Pavel Tatashin (25):
  kexec: quiet down kexec reboot
  kexec: add machine_kexec_post_load()
  arm64: kexec: remove unnecessary debug prints
  arm64: kexec: make dtb_mem always enabled
  arm64: hibernate: pass the allocated pgdp to ttbr0
  arm64: hibernate: use get_safe_page directly
  arm64: hibernate: remove gotos as they are not needed
  arm64: hibernate: rename dst to page in create_safe_exec_page
  arm64: hibernate: add PUD_SECT_RDONLY
  arm64: hibernate: add trans_pgd public functions
  arm64: hibernate: move page handling function to new trans_pgd.c
  arm64: trans_pgd: make trans_pgd_map_page generic
  arm64: trans_pgd: pass allocator trans_pgd_create_copy
  arm64: trans_pgd: pass NULL instead of init_mm to *_populate functions
  arm64: kexec: move relocation function setup
  arm64: kexec: call kexec_image_info only once
  arm64: kexec: cpu_soft_restart change argument types
  arm64: kexec: arm64_relocate_new_kernel clean-ups
  arm64: kexec: arm64_relocate_new_kernel don't use x0 as temp
  arm64: kexec: add expandable argument to relocation function
  arm64: kexec: offset for relocation function
  arm64: kexec: kexec EL2 vectors
  arm64: kexec: configure trans_pgd page table for kexec
  arm64: kexec: enable MMU during kexec relocation
  arm64: kexec: remove head from relocation argument

 arch/arm64/Kconfig                     |   4 +
 arch/arm64/include/asm/kexec.h         |  47 ++++-
 arch/arm64/include/asm/pgtable-hwdef.h |   1 +
 arch/arm64/include/asm/trans_pgd.h     |  34 ++++
 arch/arm64/kernel/asm-offsets.c        |  14 ++
 arch/arm64/kernel/cpu-reset.S          |   8 +-
 arch/arm64/kernel/cpu-reset.h          |  14 +-
 arch/arm64/kernel/hibernate.c          | 255 ++++---------------------
 arch/arm64/kernel/machine_kexec.c      | 186 ++++++++++++++----
 arch/arm64/kernel/relocate_kernel.S    | 233 ++++++++++++----------
 arch/arm64/mm/Makefile                 |   1 +
 arch/arm64/mm/trans_pgd.c              | 244 +++++++++++++++++++++++
 kernel/kexec.c                         |   4 +
 kernel/kexec_core.c                    |   8 +-
 kernel/kexec_file.c                    |   4 +
 kernel/kexec_internal.h                |   2 +
 16 files changed, 690 insertions(+), 369 deletions(-)
 create mode 100644 arch/arm64/include/asm/trans_pgd.h
 create mode 100644 arch/arm64/mm/trans_pgd.c

Comments

Pasha Tatashin Oct. 17, 2019, 2:26 p.m.
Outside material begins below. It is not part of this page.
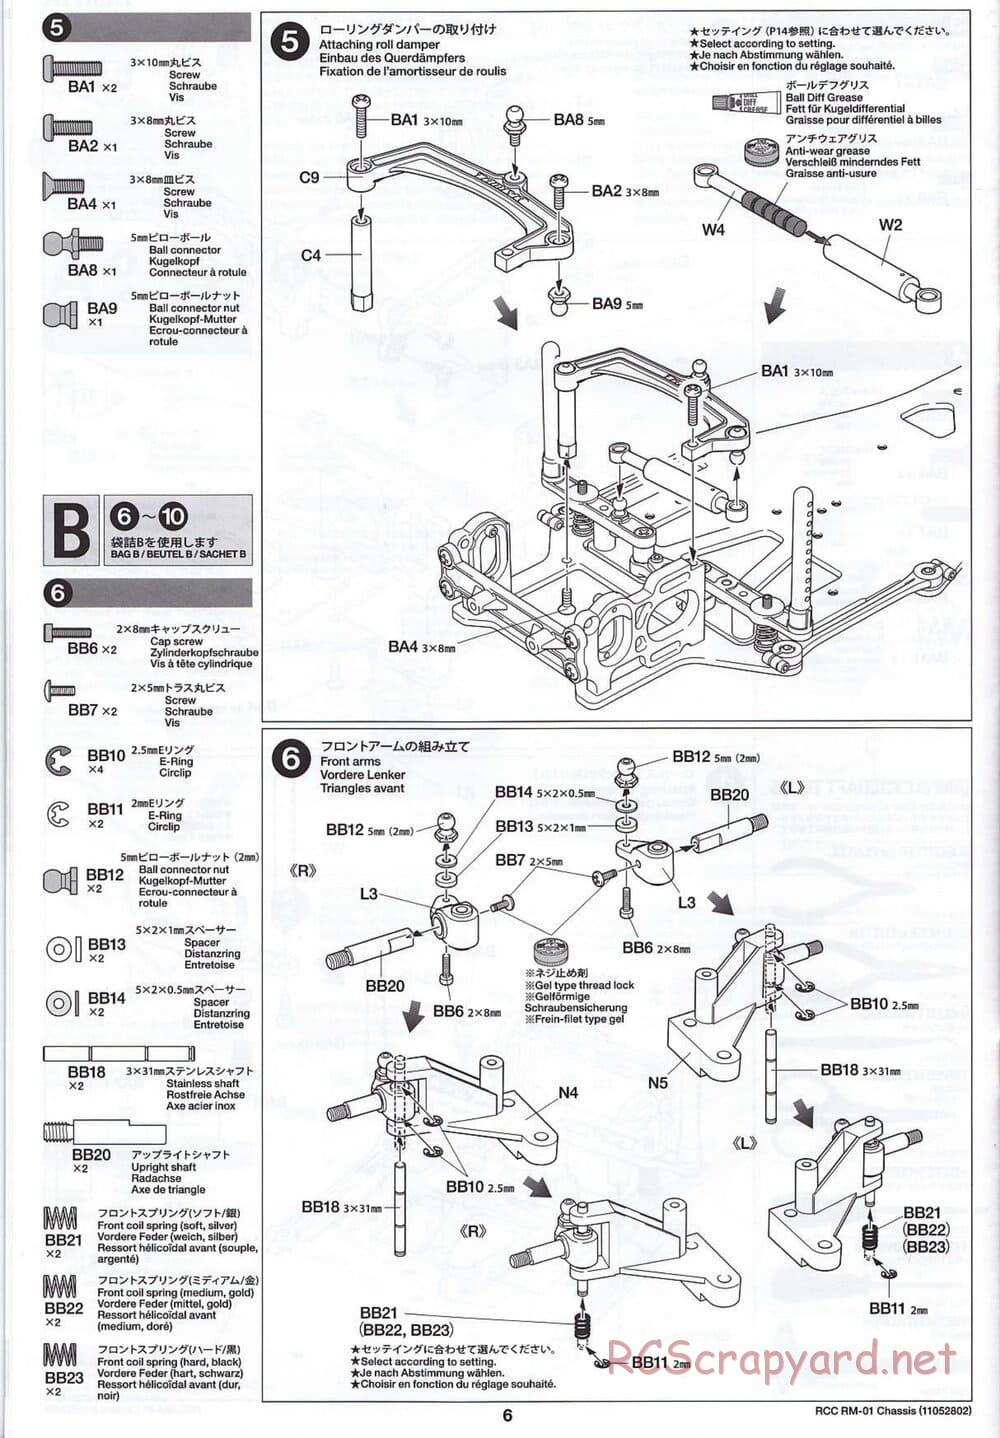 Tamiya - TA04-SS Chassis - Manual - Page 6

UTC | #1
> https://lore.kernel.org/lkml/45a2f0b8-5bac-8b5d-d595-f92e9acb27ad@arm.com
> > +     /* Map relocation function va == pa */
> > +     rc = trans_pgd_map_page(&info, trans_ttbr0,  __va(kern_reloc),
> > +                             kern_reloc, PAGE_KERNEL_EXEC);
> > +     if (rc)
> > +             return rc;
> James wrote:
> You can't do this with the page table helpers. We support platforms
> with no memory in range of TTBR0's VA space. See dd006da21646f
>
> You will need some idmapped memory to turn the MMU off on a system
> that booted at EL1. This will need to be in a set of page tables
> that the helpers can't easily touch - so it should only be a single
> page. (like the arch code's existing idmap - although that may
> have been overwritten).
>
> (I have a machine where this is a problem, if I get the time I will
> have a stab at making hibernate's safe page idmaped).
> ---
>
> As I understand, there are platforms where TTBR0 cannot include all
> physical memory for idmap. However, kexec must have at least one page
> idmapped (kimage->control_code_page) to be able to relocate kernel
> while MMU is enabled:
>
> I am still trying to fully understand the problem:
> CONFIG_ARM64_VA_BITS must be smaller than 48 and physical memory must
> start at a high address for this problem to occur.
>
> Why can't we simply decrease T0SZ to cover all physical memory?

Is there a way to reproduce this platform with qemu?

Pasha